## HOW TO COMPLETE THIS TASK
Only lines, not pictures: please repeat exactly the lines from the one with "Band Tees ×" through the end of the listing.
### PROVIDED MATERIAL
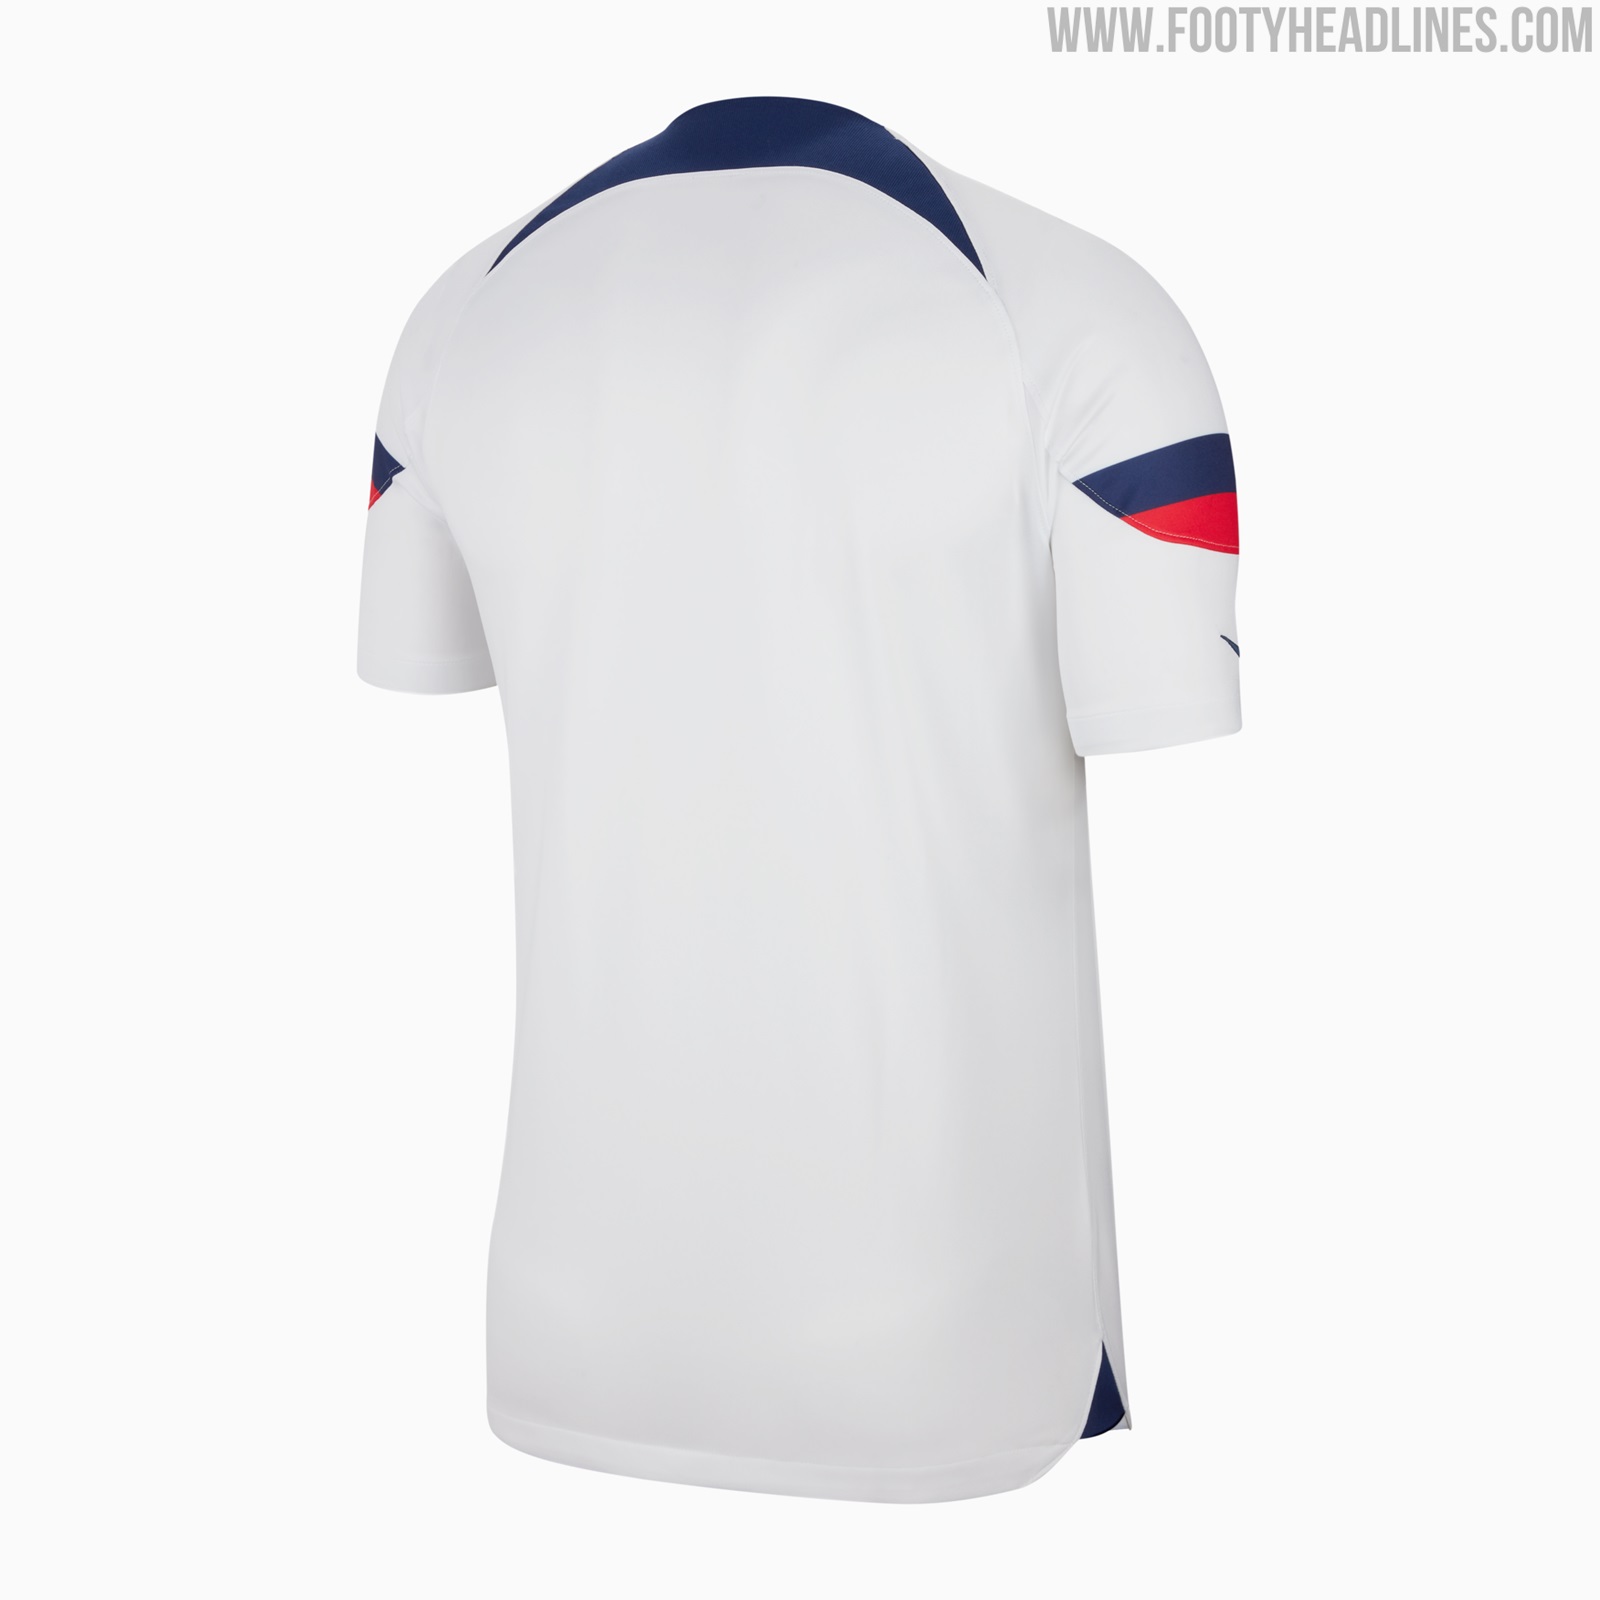 USA 2022 World Cup Home & Away Kits Released - Footy Headlines
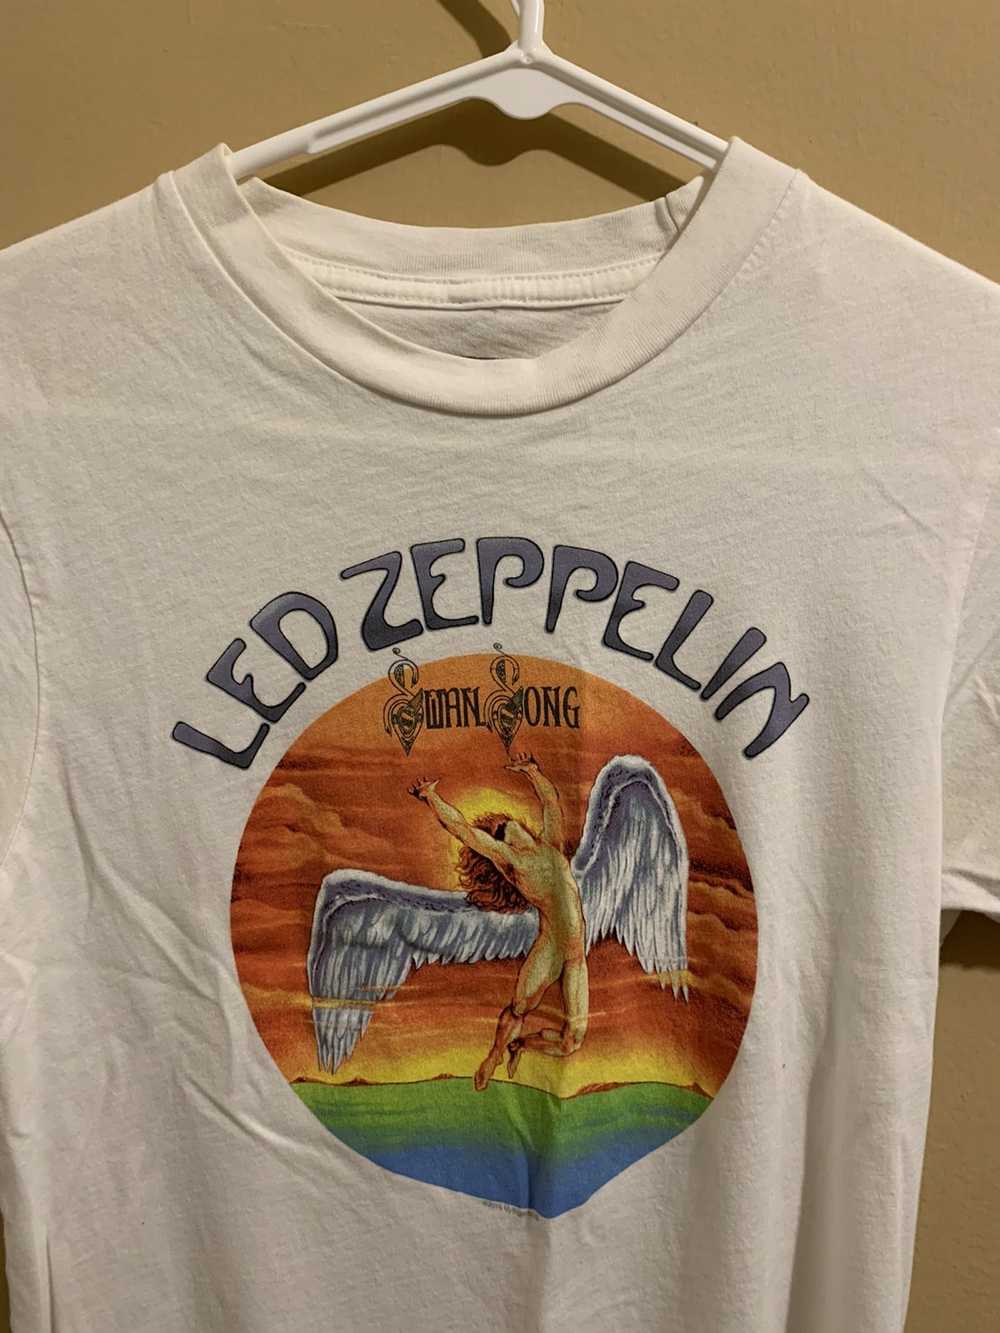 Band Tees × Vintage Led Zeppelin tee - image 1
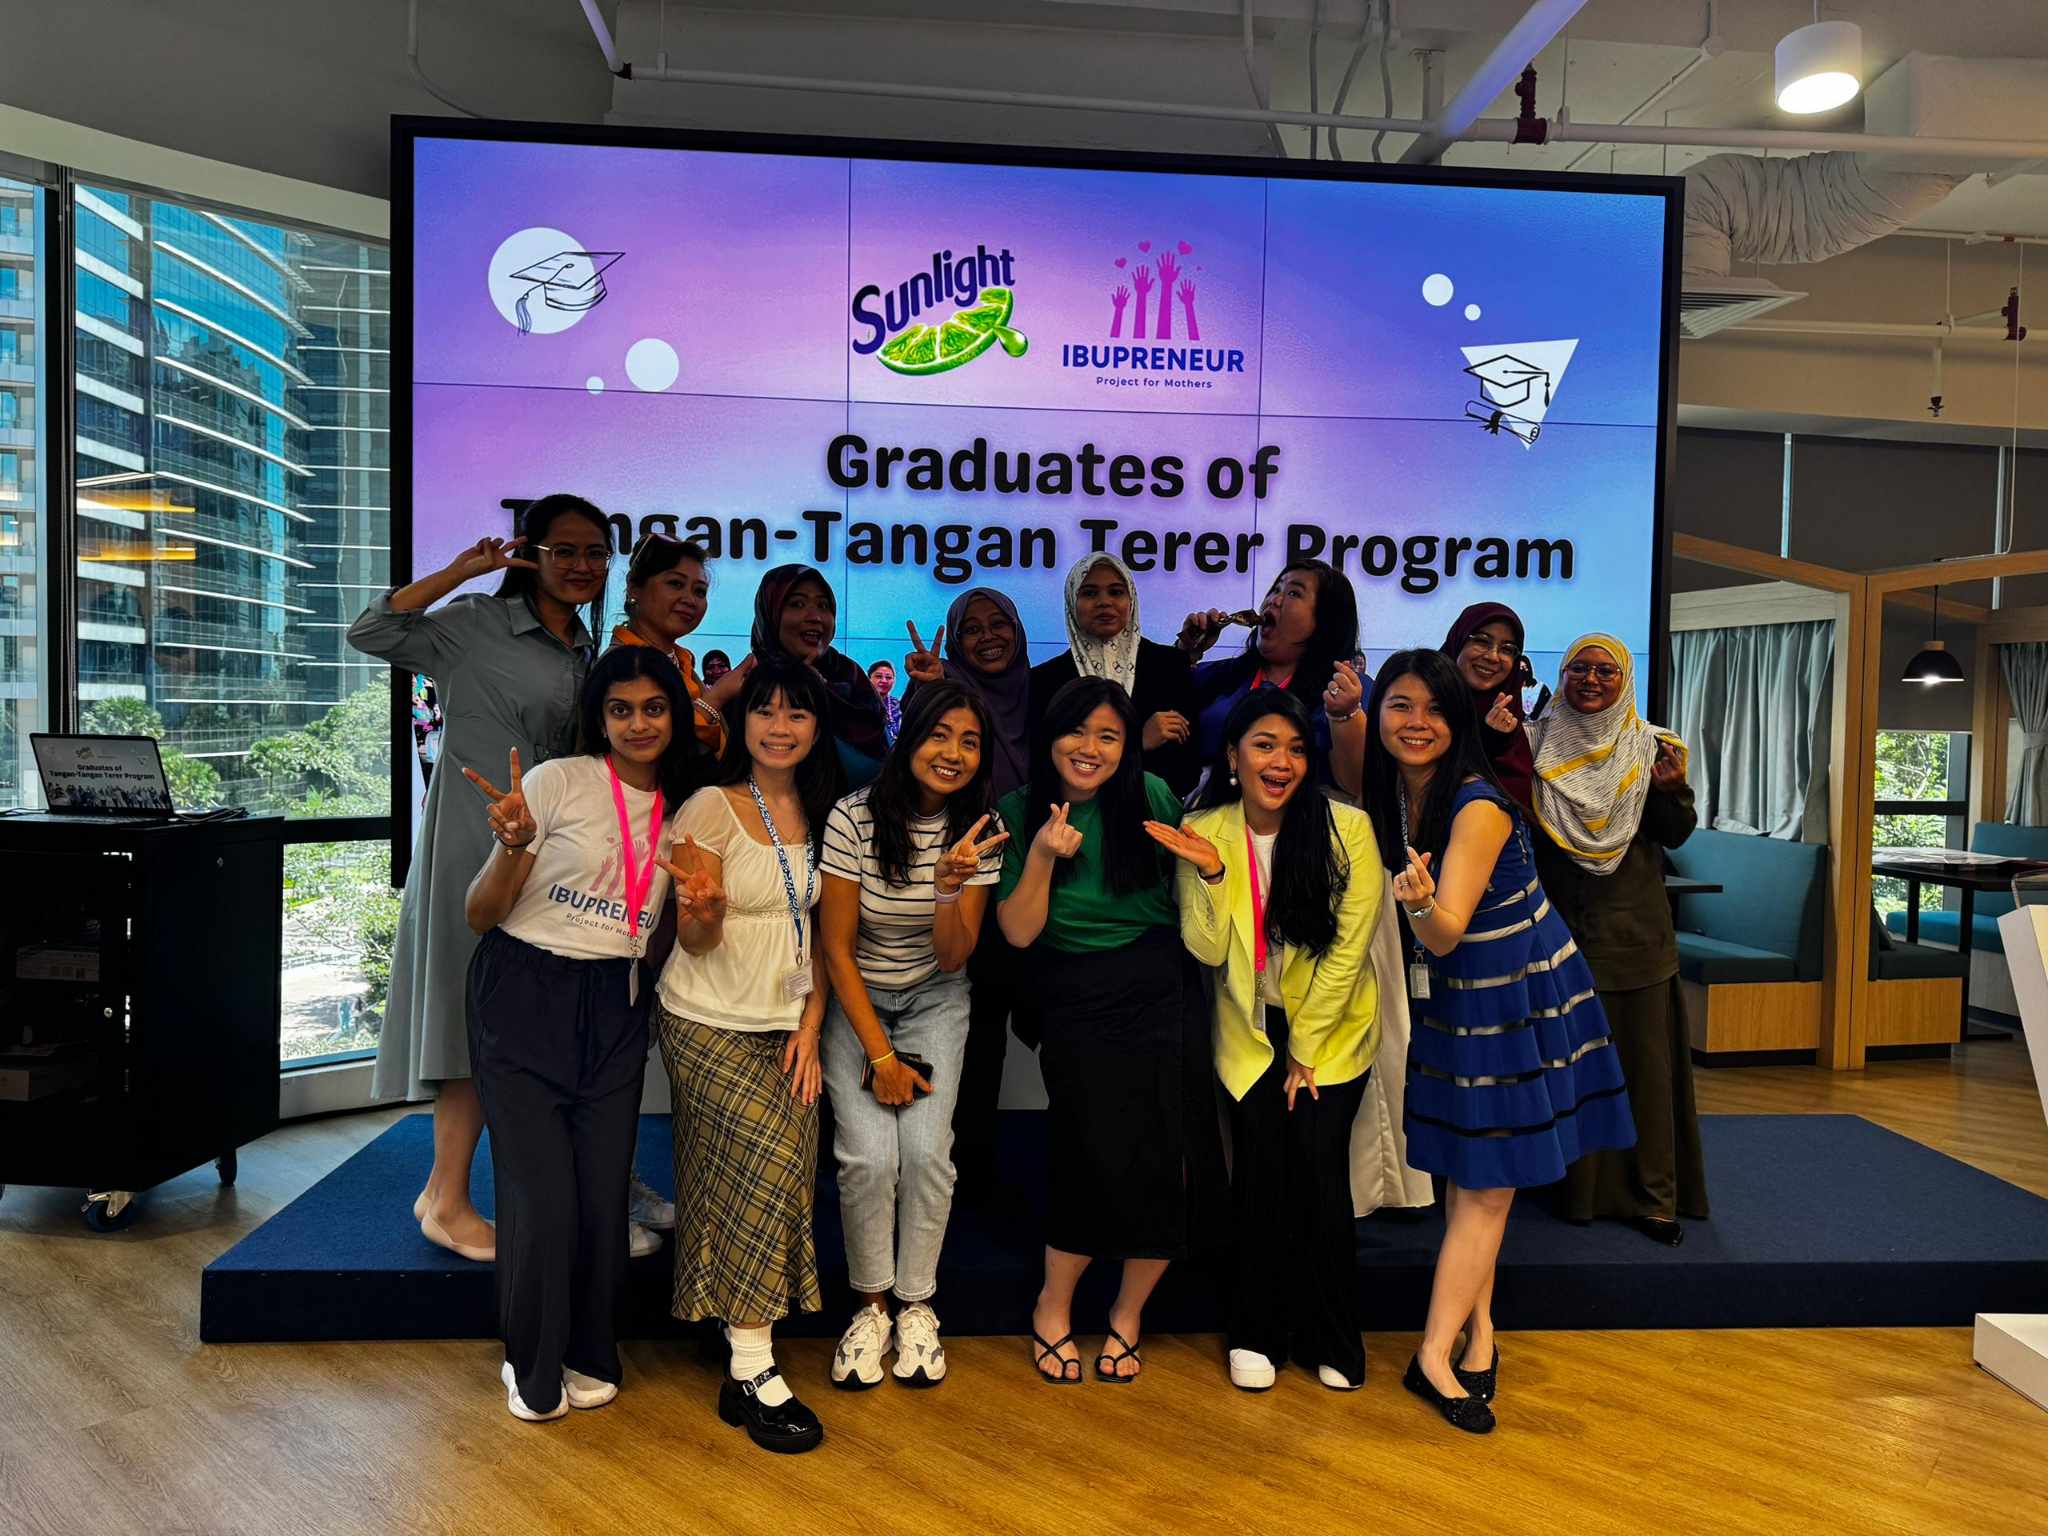 Graduates of the inaugural Tangan Tangan Terer programme organised by Sunlight Malaysia in partnership with Ibupreneur
######
## ANSWER SECTION
 Band Tees × Vintage Led Zeppelin tee - image 1
 Graduates of the inaugural Tangan Tangan Terer programme organised by Sunlight Malaysia in partnership with Ibupreneur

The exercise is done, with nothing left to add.